Young volunteer helps ensure food for Shanghai residents
By Huang Yue

A photo of two young women enjoying the blue sky and sunshine went viral on Chinese social media recently.

The two are workers of RT-Mart, a local supermarket chain. For nearly a month, they've been living in tents, working hard to ensure food supplies for quarantined residents.

Twenty-three-year-old Huang Die is one of them. She is among the 108 workers from Ningbo City who came to support Shanghai on April 9.

"It's a rare chance for us to have a relax outside the supermarket," said Huang Die. "I remember when we first went to the rooftop; there were a lot of dark clouds. But I was still happy to get some fresh air. Soon after, the clouds scattered, the sunlight shone through, and the blue sky came into view. We were so excited to witness the whole process, so we took some pictures.”

Huang's primary job is to offload goods that arrive at the supermarket and then pack orders.

"During the busiest time, I felt we were working all day long without any rest. We just kept offloading and packing. We didn't have time to think about the epidemic outside. All we could think about was how many tonnes of goods we had received and distributed," said Huang.

She said her parents had tears in their eyes when they heard she had signed up to go to Shanghai. But they're proud of her.

Huang said people who call her generation "lazy" and "self-centered" are just using stereotypes when, in fact, her generation has become the country's backbone and will stand up boldly for others regardless of difficulties.

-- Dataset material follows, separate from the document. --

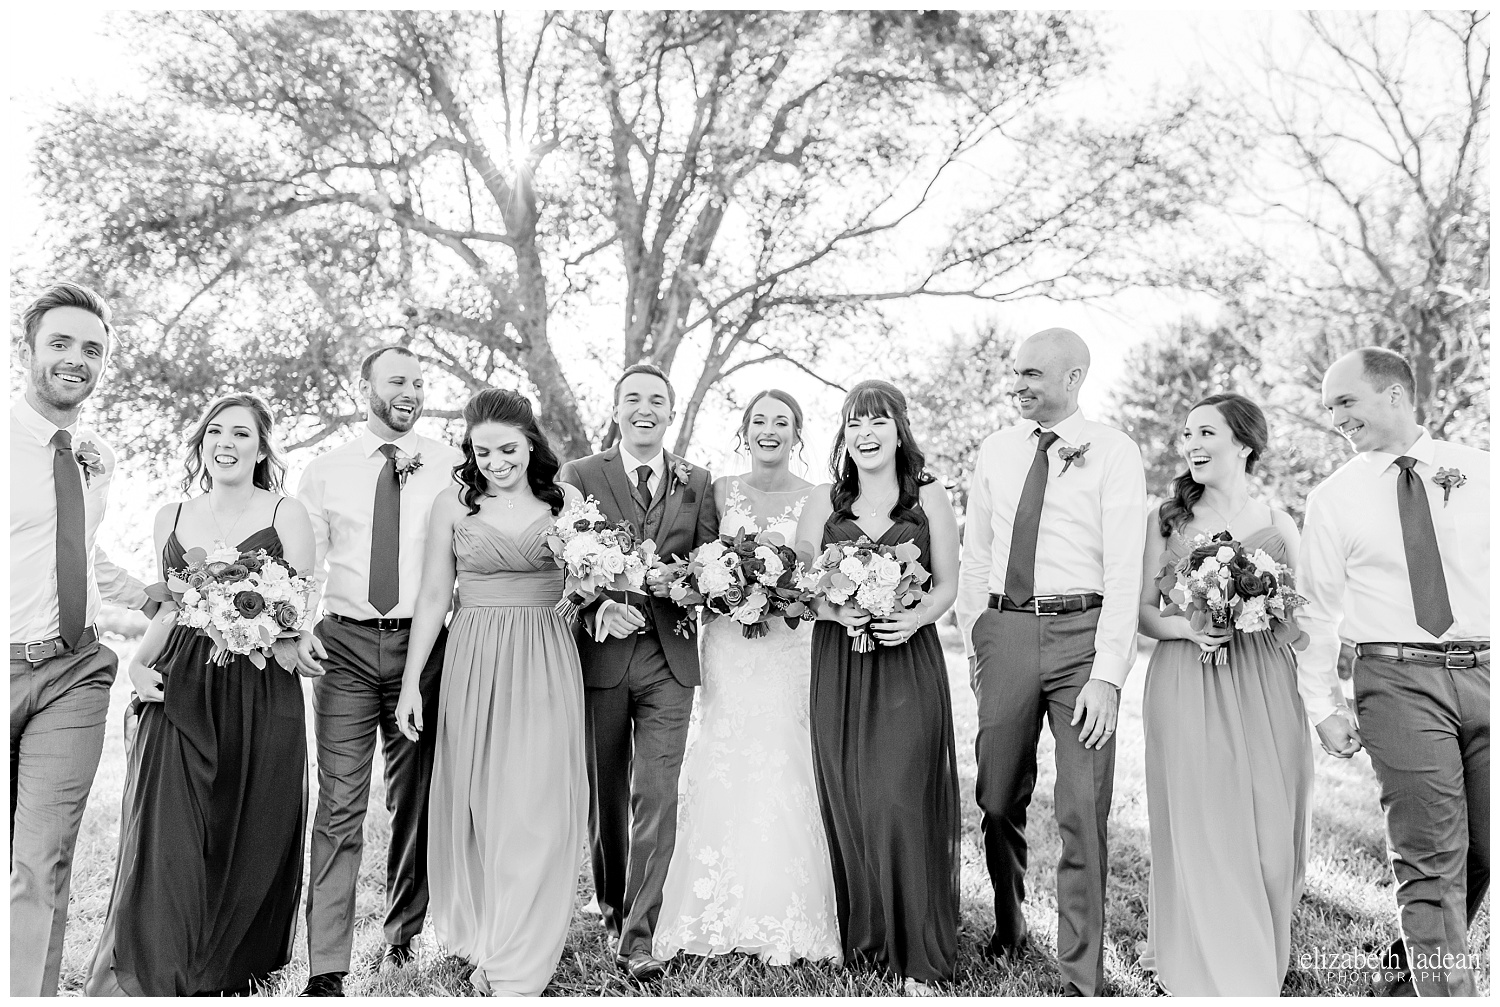 Kansas-City-KC-Wedding-Photographer-2017BestOf-Elizabeth-Ladean-Photography-photo-_6050.jpg

"I know sometimes, young people say online, 'Oh, let's just slack off and lie down, and let nature takes its course.'  But in fact, every time there's a crisis in the country, you can see numerous young people coming forward to shoulder their responsibility," Huang said.

She said she believes Shanghai residents will soon be able to leave their homes and enjoy the sunshine and blue sky like she did in the photo after the arduous efforts fighting the outbreak.

Shanghai has been put into closed-off management since late March due to the resurgence of COVID-19, and some supermarkets could only maintain online operations for community group buying to guarantee residents' food and daily necessities.

After a monthlong suspension, more supermarkets and grocery stores in the city, especially in suburban areas, are gradually resuming offline operations as new infections in the city continue to decline.

Shanghai reported 261 locally transmitted COVID-19 cases, 4,390 local asymptomatic infections, two imported cases and 13 deaths on Wednesday.